А спустившись этажом ниже, в чуланчике с метлами, швабрами и лопатами нашли еще один пролом, ведущий в подвал под зданием. Опера вышли на улицу и, разыскав дверь подвала, убедились в том, что она заперта снаружи большущим навесным замком. Сразу же появилось предположение, что где-то сбоку должен быть какой-то потайной лаз. Но где? В этот момент на улицу вышли Мария и Ворчунова. Узнав о предварительных результатах поиска пропажи, директорша лишь горестно вздохнула и открыла вход в темный замусоренный подпол.
– Мы уже давно планируем очистить и обустроить этот подвал, чтобы сдать его в аренду какому-нибудь предпринимателю под кафе или бистро, – чуть смущаясь, пояснила она. – Тут в чем суть проблемы? Здание музея ветхое, ему нужен хотя бы косметический ремонт. Районные власти денег не дают, а нам самим где их взять? Кроме того, в помещении кафе можно было бы выставлять некоторые наши экспонаты. Глядишь, после этого кто-то из посетителей и захотел бы посмотреть основную экспозицию… Ну а что делать? У меня вахтеры и уборщицы работают чуть ли не на голом энтузиазме…
Подсвечивая фонариком, Лев и Стас спустились вниз и всего в нескольких метрах от входа увидели зияющую дыру в кирпичной кладке стены подвала, свежую кучу земли и куски битого кирпича на полу под этой норой. Судя по диаметру норы, по ней в подвал запросто мог пробраться взрослый мужчина среднего телосложения. Сориентировавшись на местности, Гуров попросил:
– Стас, дойди до кустов в той стороне, – указал он на стену подвала. – Думается мне, начало норы должно быть там.
– Добро! – кивнул тот и вышел наружу.
Вскоре из норы донесся его приглушенный голос:
– Лева, тут действительно начало норы. Натоптано здорово, собака след возьмет наверняка!
Тоже поднявшись наверх, Гуров прошел к кустам и увидел зев вырытого в земле вертикального лаза, ведущего вниз, в который уже спустился Стаснислав.

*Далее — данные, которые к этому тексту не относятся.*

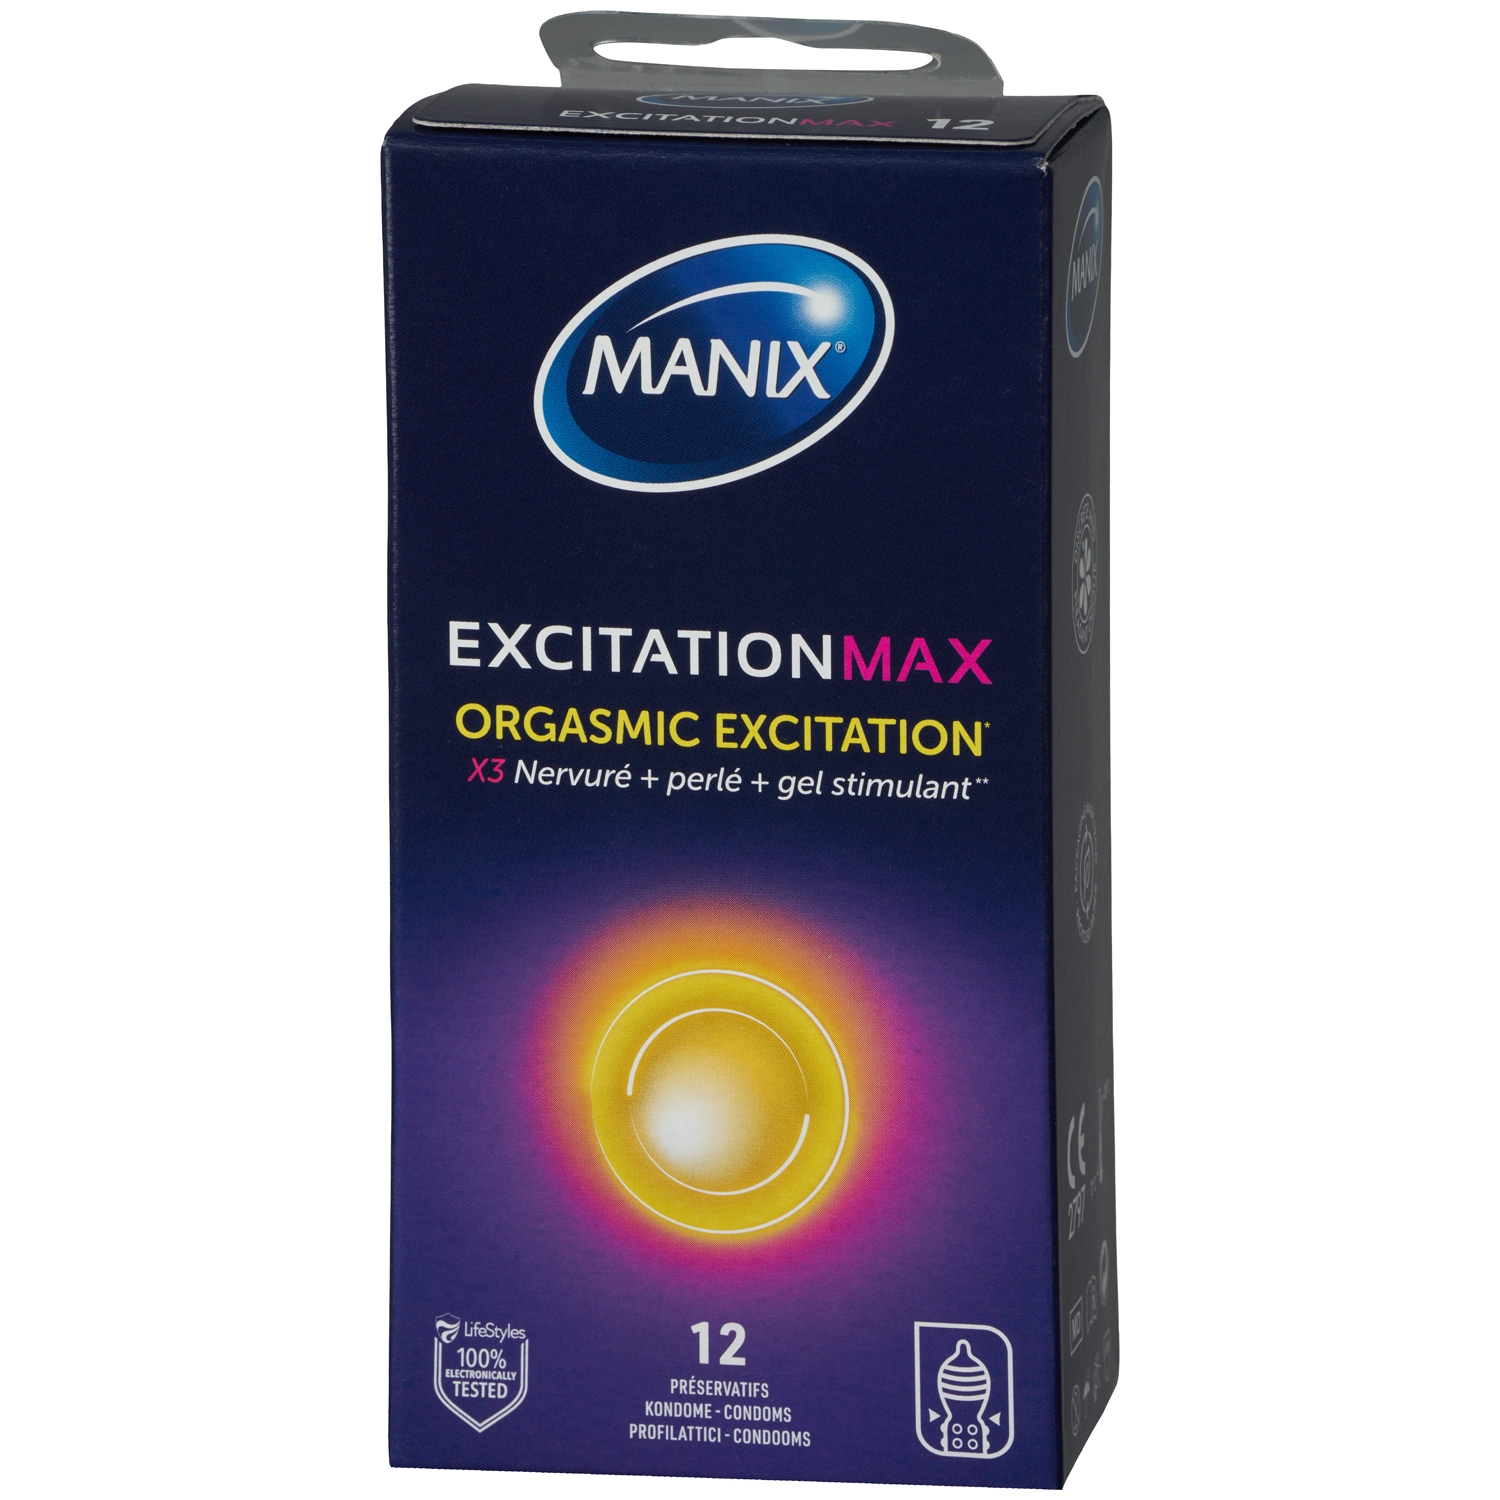 Manix Manix Excitationmax Orgasmic Excitation 12 stk - Klar

– Ну и что там? – поинтересовался он, наклонившись над лазом.
– В сторону здания ведет горизонтальный штрек. Так что вывод очевиден: вор по лазу проник в подвал, проломил уже гниловатый пол, и… Ну, остальное понятно! – Поднявшись на руках, Стас выбрался из лаза.
– Но только здесь нужно учесть то, что, скорее всего, этот вор хорошо знает здание музея! Можно сказать наверняка, что в недалеком прошлом он кем-то здесь работал.
– Слушай, Лева! Надо с местных «проставу» стребовать – мы за них уже половину расследования провели! – смеясь, отметил Крячко.
Они вернулись к парадному входу и увидели перед музеем белую «десятку» с «люстрой» на крыше. Глядя на машину коллег, Стас саркастично заметил:
– Да-а-а-а… Не прошло и полгода!
Подойдя ближе, опера сразу же поняли: между прибывшими полицейскими и директором музея разговор идет какой-то излишне напряженный, даже нервный. Прибывших было трое – капитан лет тридцати, совсем еще молодой лейтенант и сержант средних лет. Скорее всего, шофер. И если лейтенант с сержантом стояли молча, явно чувствуя себя не в своей тарелке, то капитан, судя по его размашистым жестам, ощущал себя неким «хозяином положения». На его худом носастом лице было, можно сказать, написано упоение своей «самостью». При этом и Мария, и Ворчунова выглядели несколько растерянными.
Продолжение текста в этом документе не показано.